Die einzigartige Anordnung von Gebirgsformationen Almerías führt zu einem besonderen vom restlichen Spanien abweichenden Klima, das besonders im Winter von großem Vorteil ist. In der Provinz Almería herrscht mediterranes, warmes und trockenes Klima vor, der Himmel ist meist wolkenlos und sehr hell, die Sommer warm und die Winter mild. Der Ostwind sorgt dafür, dass die Temperatur in der Hauptstadt Almería in der Regel ein paar Grade höher liegen. Die Küste Almerías erstreckt sich über 219 km.

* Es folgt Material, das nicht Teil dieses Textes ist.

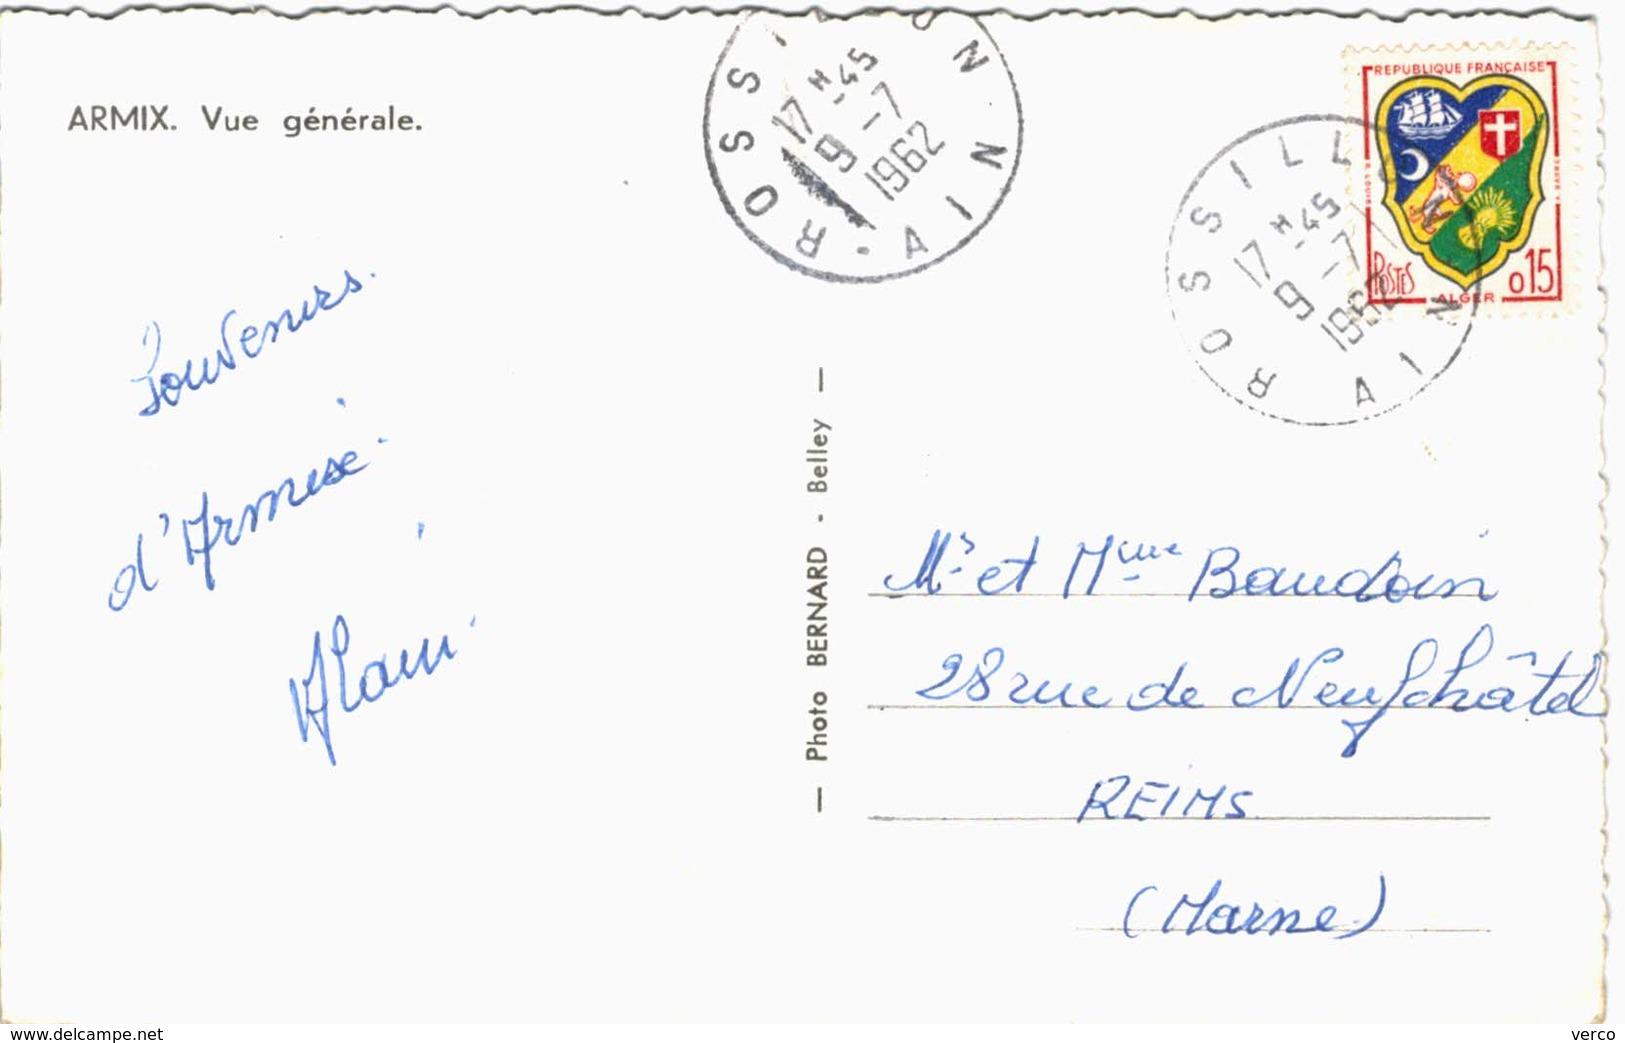 Carte Postale Ancienne De ARMIX-vue Générale - France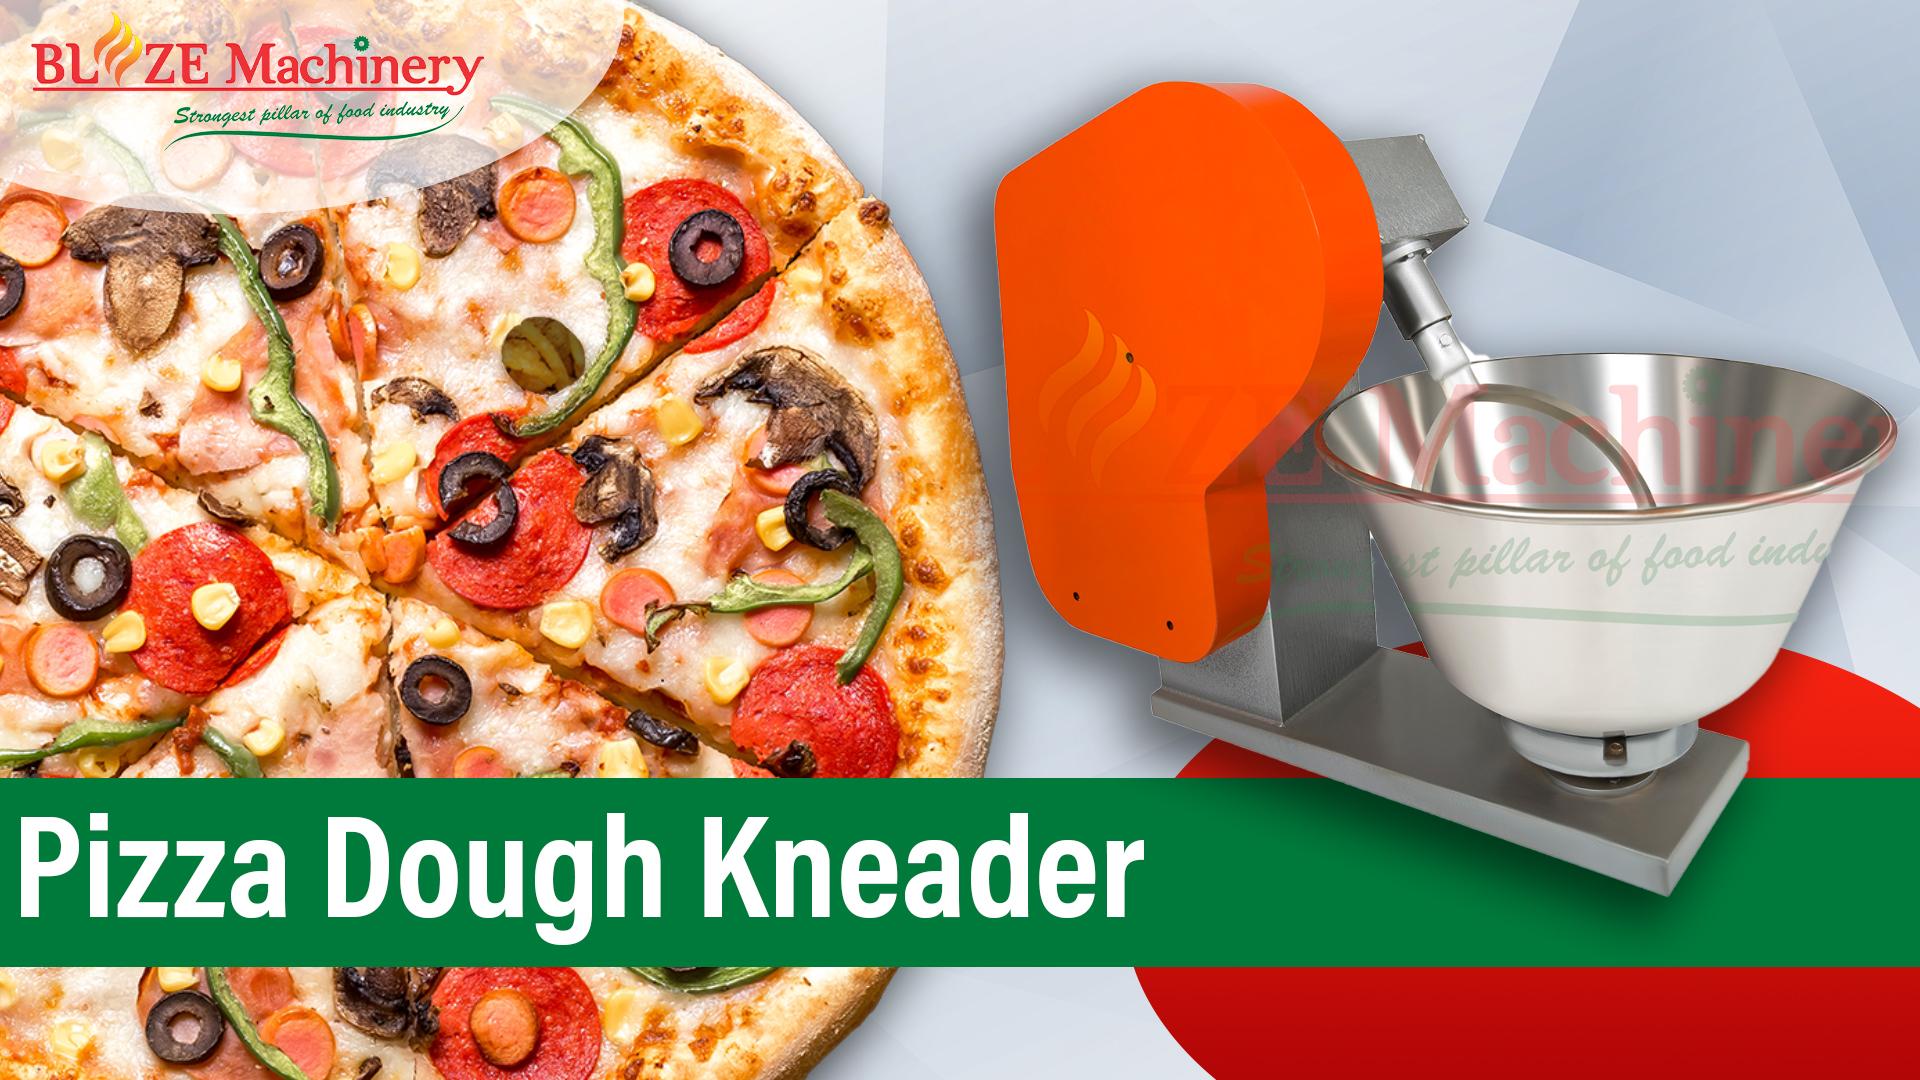 Pizza Dough Kneader

Der Küstenort San Juan de los Terreros gehört zu der Gemeinde Pulpi, Provinz Almería in Andalusien. Er ist berühmt für seine wunderbaren Strände und sein leuchtend blaues Meer, welches im Norden an Aquilas grenzt. Es ist ein Genuß, diesen Ort zu entdecken, weil es voller Leben ist, voller Farbe und mediterraner Lebensfreude. Das spürt man ganz besonders in den Straßen und man merkt es den Leuten an, sie strahlen, sind unkompliziert und gastfreundlich. San Juan de los Terreros schaut auf ein leuchtend blaues Meer, das alles um sich herum zum Leben zu erwecken scheint. Die jodhaltige Luft ist rein mild und trocken. Kein Wunder, dass bei diesem Klima Rheuma, Asthma, Gicht, Herz- und Kreislaufbeschwerden bald vergessen sind. San Juan de los Terreros ist noch immer ein gemütlicher kleiner Ort, in dem man aber dennoch sämtliche Versorgungsmöglichkeiten findet ohne Massentourismus mit einer guten Infrastruktur, Läden, Bars, Restaurants und Sport Anlagen. Auch ein wunderschön gelegener 18-Loch-Golfplatz ist in nur wenigen Minuten Entfernung vorhanden und das Hinterland bietet mit seinen vielen kleinen historischen Orten reizvolle Ausflugsziele.  Gegenüber von San Juan de los Terreros sind zwei kleine Vulkaninseln gelegen, die das Naturdenkmal Isla de Terreros-Isla Negra bilden. Das Wahrzeichen des Ortes San Juan de los Terreros ist die gleichnamige Burg, die 1764 auf einem Felsen errichtet wurde, von der man einen phantastischen Ausblick auf die Küste von Almeria und Murcia genießen kann. Die nächstgelegenen größeren Städte sind Lorca, Cartagena, Murcia Almeria und Granada wo u.a. viel Kultur geboten wird, Städte die man unbedingt besuchen sollte.
Die Flughäfen von Murcia und Almería sind jeweils nur ca. 1 Autostunde entfernt, aber auch der Flughafen von Alicante ist bequem über die Autobahn AP-7 zu erreichen.